MM: Es gibt einen Punkt in Ihrem Buch, mit dem ich nicht d’accord gehe. Sie bezeichnen den Innenminister als überfordert. Ist es nicht so, dass Herbert Kickl der Chefideologe, der Stippenzieher, und als solcher unantastbar ist.

Misik: Auch Kickl macht das, was er sein will, nämlich der Unruhestifter, der durch irrwitzige Forderungen die Unique Selling Proposition der FPÖ hervorkehrt, was gar nicht so einfach ist, nachdem ihnen die ÖVP die Hälfte des Wahlprogramms geklaut hat, hervorragend. Das hat schon eine Professionalität. Auf der anderen Seite führt er ein schwieriges Ministerium, und da ist er nicht erfolgreich, da misslingen ihm die Dinge dauernd. Den BVT so zu zerschlagen, dass es eine Staatsaffäre wird, und einen parlamentarischen Untersuchungsausschuss am Hals zu haben, da gehört was dazu.

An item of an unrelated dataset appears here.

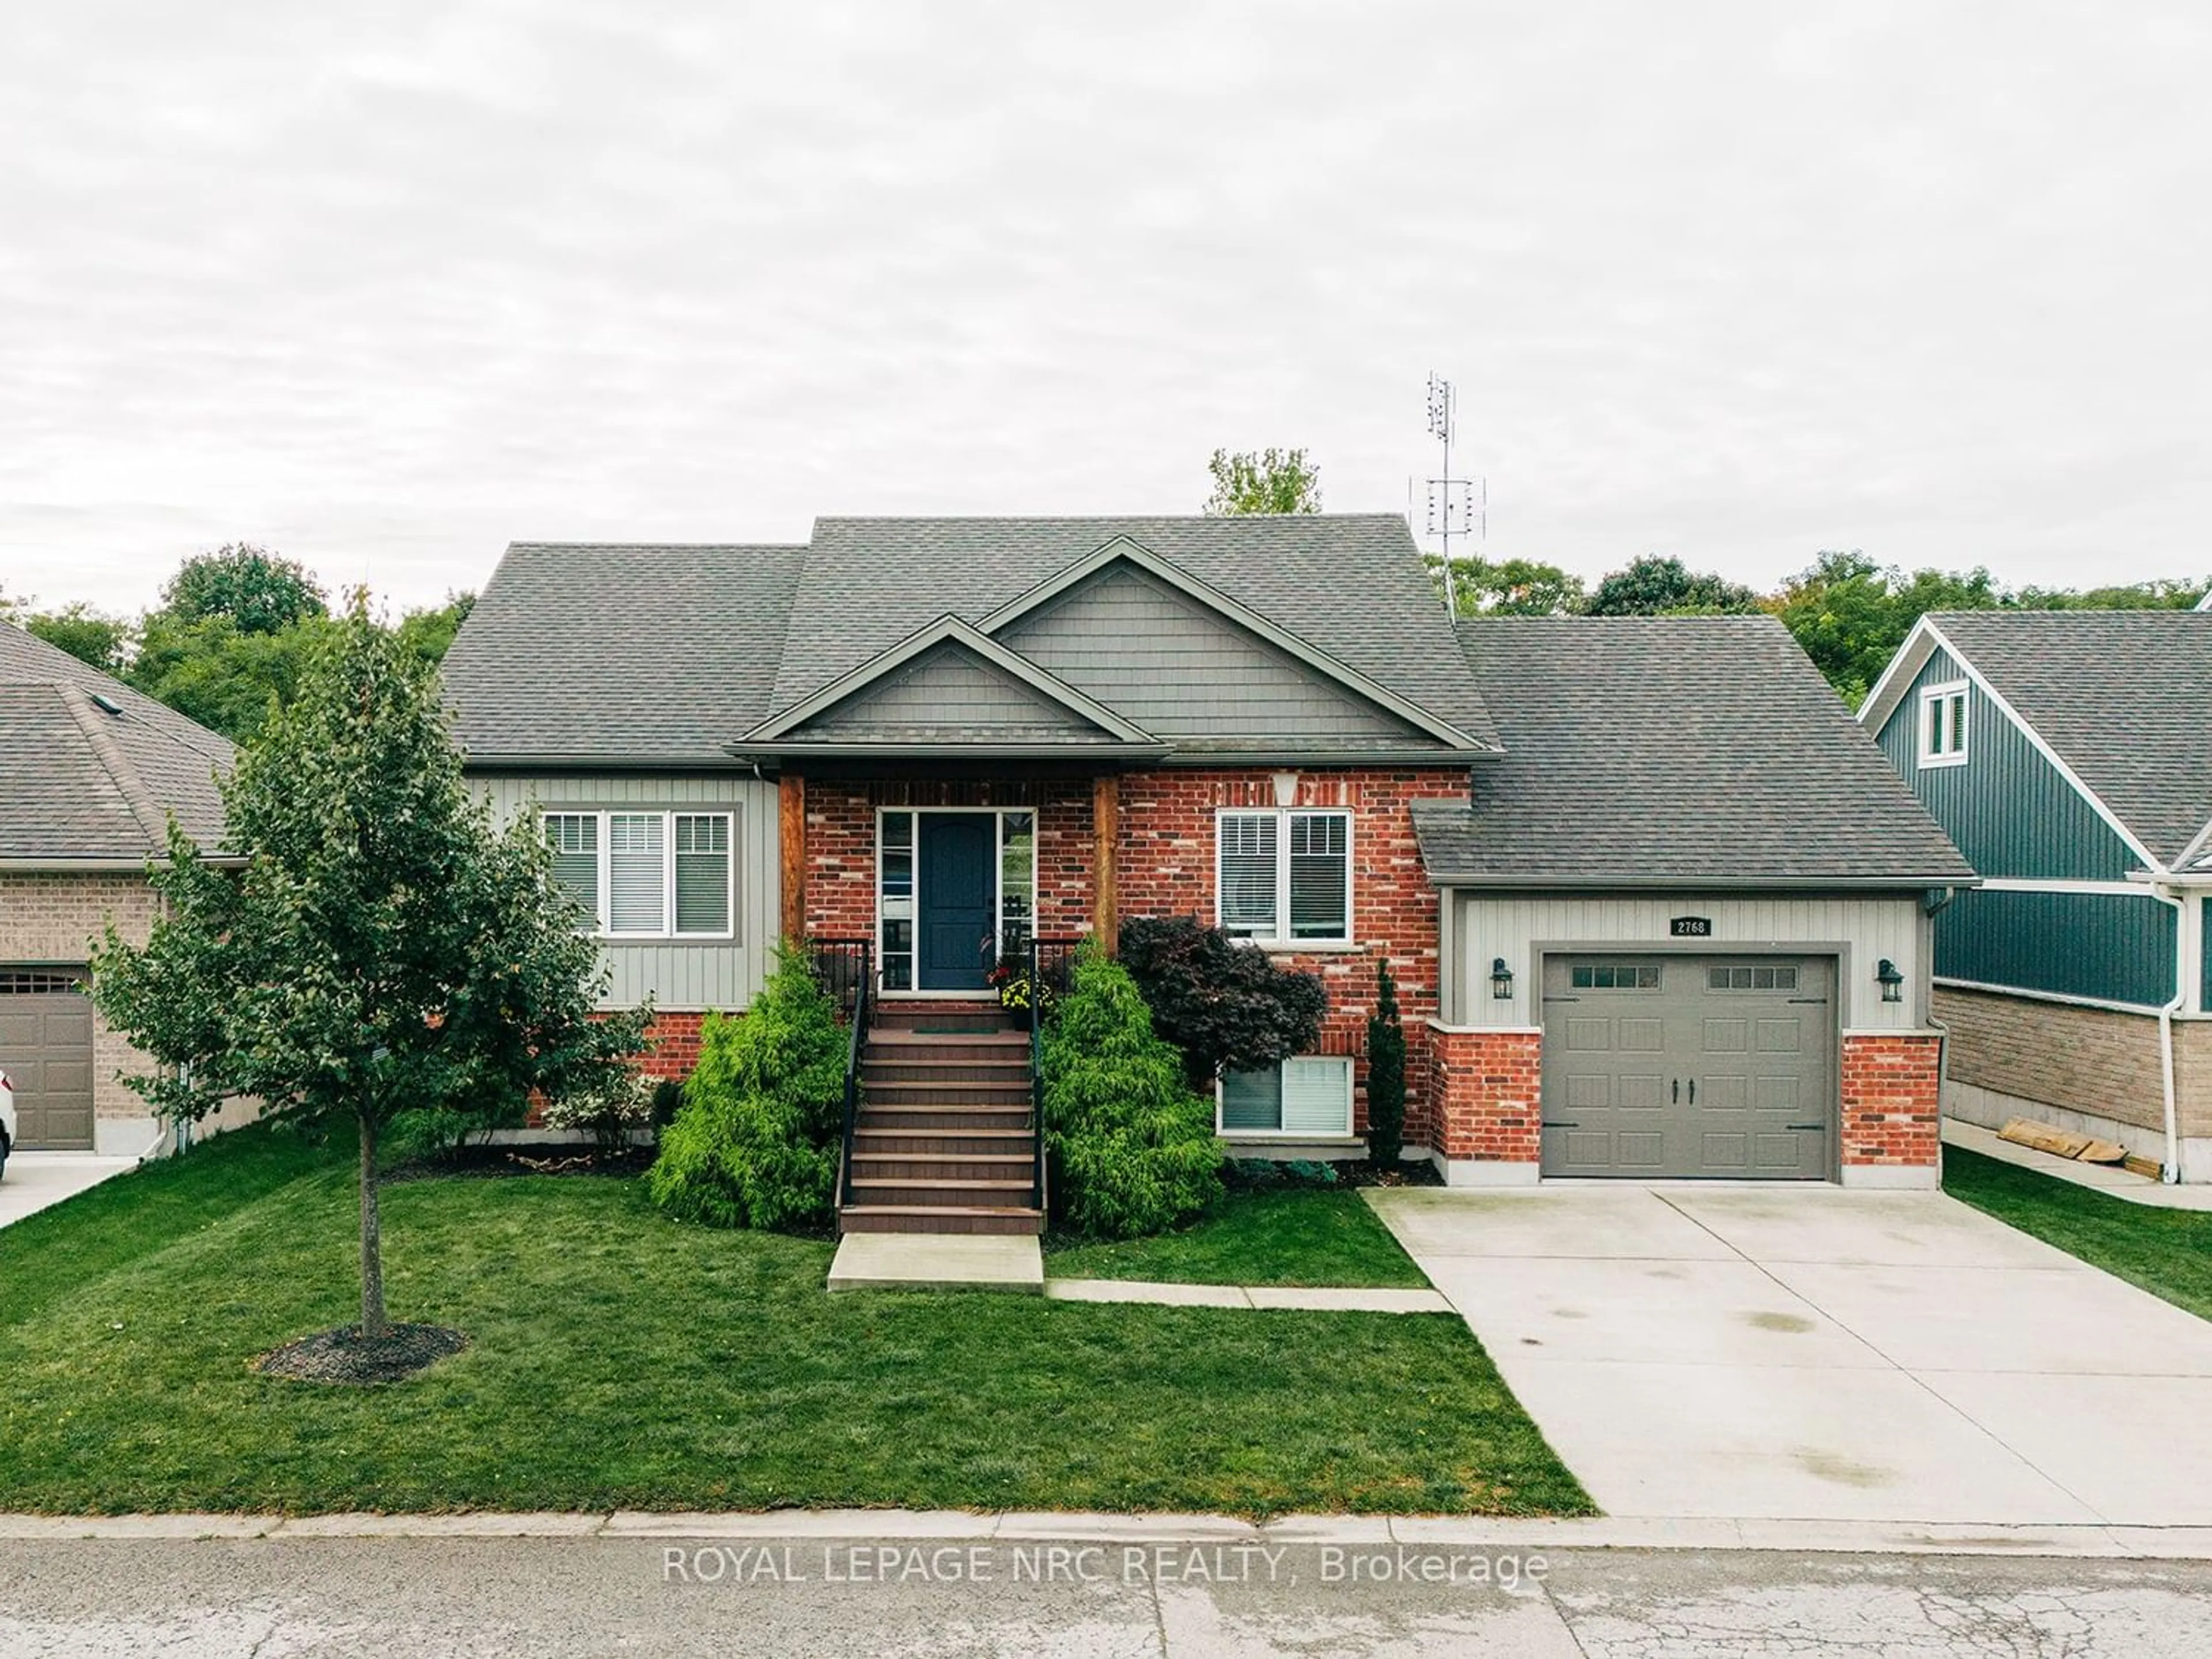 Home with brick exterior material for 2768 Chestnut St, Lincoln Ontario L0R 1S0

MM: Was wurde eigentlich aus der SPÖ?

Misik: Die SPÖ hat kurzfristige und langfristige Probleme. Das kurzfristige ist, dass sie aus der Regierung in die Opposition gekommen ist, was immer schwierig ist, weil du Politiker hast, die geschult sind, Regierungsarbeit zu machen, Ministerien zu administrieren, und die nicht die Rolle des angriffigen Underdogs positiv übernehmen. Das braucht eine Zeit, sich darauf einzustellen. Das langfristige Problem der SPÖ ist, dass ihre Anhängerschaft in zwei Milieus zerfallen ist, die früher eine Allianz waren: die unteren Mittelschichten, die ehemalige Arbeiterklasse, und die urbanen, liberalen Bürgerlichen. Aufgrund dessen hat sich auch eine Art Fraktionskampf entwickelt, auf der einen Seite die Vorstadt-, die Proletariats-Sozialdemokraten, auf den anderen die moderne Sozialdemokratie – sehr sehr versimpelt gesagt. Derartige Fraktionskämpfe werden zu Machtkämpfen, da werde Wunden geschlagen, bis sich am Ende alle gegenseitig hassen. Das gärt in der SPÖ schon länger, und das alles zusammen führt zu dem Zustand, in dem die SPÖ zurzeit ist. Dazu kann man negativ sagen, das ist die Abwärtsspirale aus der es kein Entrinnen mehr gibt, oder positiv, das ist eine andere Lage: Es gibt eine neue Vorsitzende, einen neuen Wiener Bürgermeister, der nächstes Jahr lebenswichtige Wahlen zu schlagen hat, man wird sich also zunehmend zusammenraufen. Man wird sehen, man weiß es nicht. Es ist zu früh, um da jetzt Prognosen abzugeben.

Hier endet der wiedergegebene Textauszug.